The recommendations that came forward from the committee were wrong. I studied the evidence that was given. At the time I apologised I could not attend the committee because I was chairing another committee, as Deputy Mattie McGrath knows, which was sitting at same time. We have to be fair about the evidence given. It was the same as the Kerry babies case and the tribunal held at the time. When people look back at the transcript of eighth amendment committee, they will have to admit it was weighted one way and not the other. That is the truth. I compliment Deputies Mattie McGrath and Fitzpatrick and Senator Rónán Mullen on the sterling work they did because they were up against it. They were unfairly outweighed and the evidence given was biased, in my humble opinion.

If we go back, people voted for the eighth amendment in huge numbers. It has saved many lives. It could be 100,000 lives, 50,000 lives or it could be 5,000 lives. Thanks to that amendment, there are thousands of people living in this world today and walking the streets today who otherwise may not be here. Now we are talking about repealing it. This House cannot deny that the eighth amendment has saved lives. However, the Citizens' Assembly and the Oireachtas committee did not hear from even one person representing those lives and those who know their child is alive today because of the eighth amendment. How can that be fair? How can that be democratic? How can that be in the best interests of the people, if we gloss over such an incredible story?

People are alive today because of that amendment. They have been given the right to life because of it.

Buried beneath all the spin against the eighth amendment is something very positive. It is a story of hope against the odds.
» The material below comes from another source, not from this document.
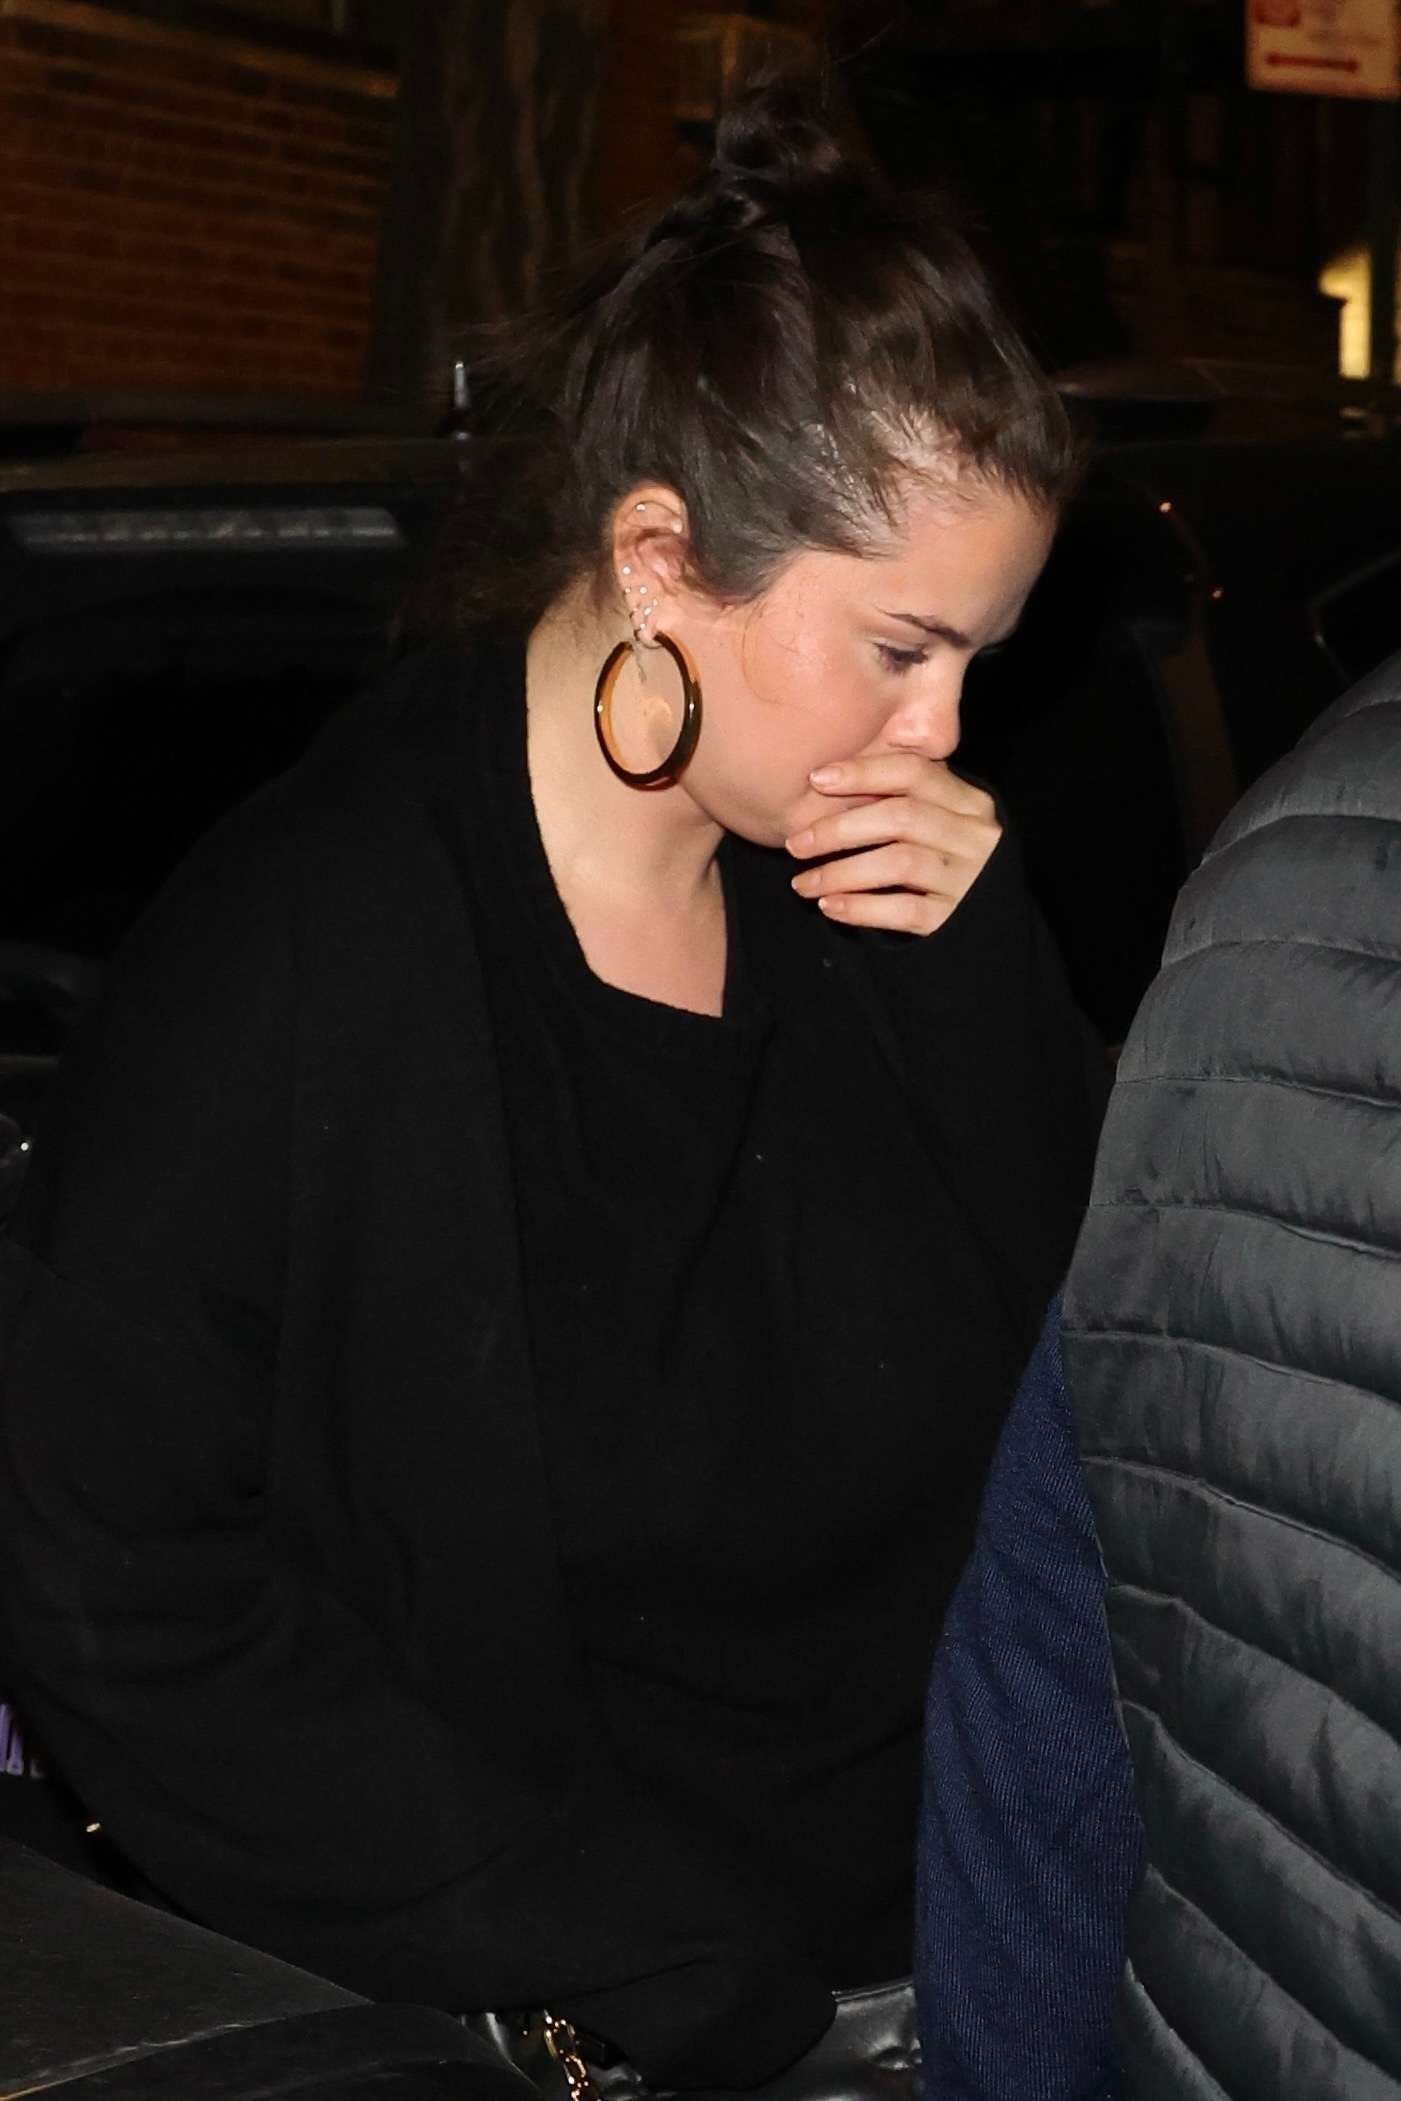 Selena_Gomez_-_goes_out_for_a_Valentine_s_Day_dinner_with_friends_at_The_Holiday_bar_in_New_York_City2C_0214202301.jpg

There has been a deliberate attempt to look the other way and pretend that no good has come from the eighth amendment and to keep referring to it as controversial as if it is no good and to never talk about it in a positive way. The eighth amendment is an excellent lesson in how we can debate things today. The lesson is that we do not debate things at all. Too many people in this House and the media simply attack what they do not like. Everybody in politics and the media knows that the pro-life side has been largely shut out from the process. We were fortunate enough to have a number of strong representatives, who I have named already, on the committee. If those three people were taken out of it, it would have been a completely weighted in one direction and it would have been a one-sided debate. There would have been no debate except for those Members being there.

I have become familiar with many stories in recent times from talking to people about this issue. I think about the story of one woman who has spoken out about how she contemplated abortion, only to change her mind. She talks about how grateful she is for the eighth amendment. She says the time it took her to book an abortion and get ready to travel to England was the time she needed to change her mind. These are very powerful stories. That was a child, a human being, and an adult today. At present, some pretend that when we talk about introducing abortion, it is not really going to end the lives of many babies, specifically babies with disabilities. We hear stories and sad statistics about all the babies aborted in countries such as England or Denmark simply for having a disability. They are truly shocking stories. The reason over 90% of babies in these countries are aborted is for having Down's syndrome. We really have to think about that. I have had the privilege in my lifetime of befriending children of friends and neighbours who have Down's syndrome. They are a joy and pleasure to know. They have their own ways, friendly personalities and they make a contribution to life. If we go down this road, will we have a situation in the future where people will play God with these people's lives and a person will not be born if he or she is imperfect? I do not agree with that. I believe that there is only one God, who is not here in this Chamber. It is the right of these people to be born as much as anybody else. If one is not perfect and is inside the womb, one has the same right to come into this world as the person who is perfect.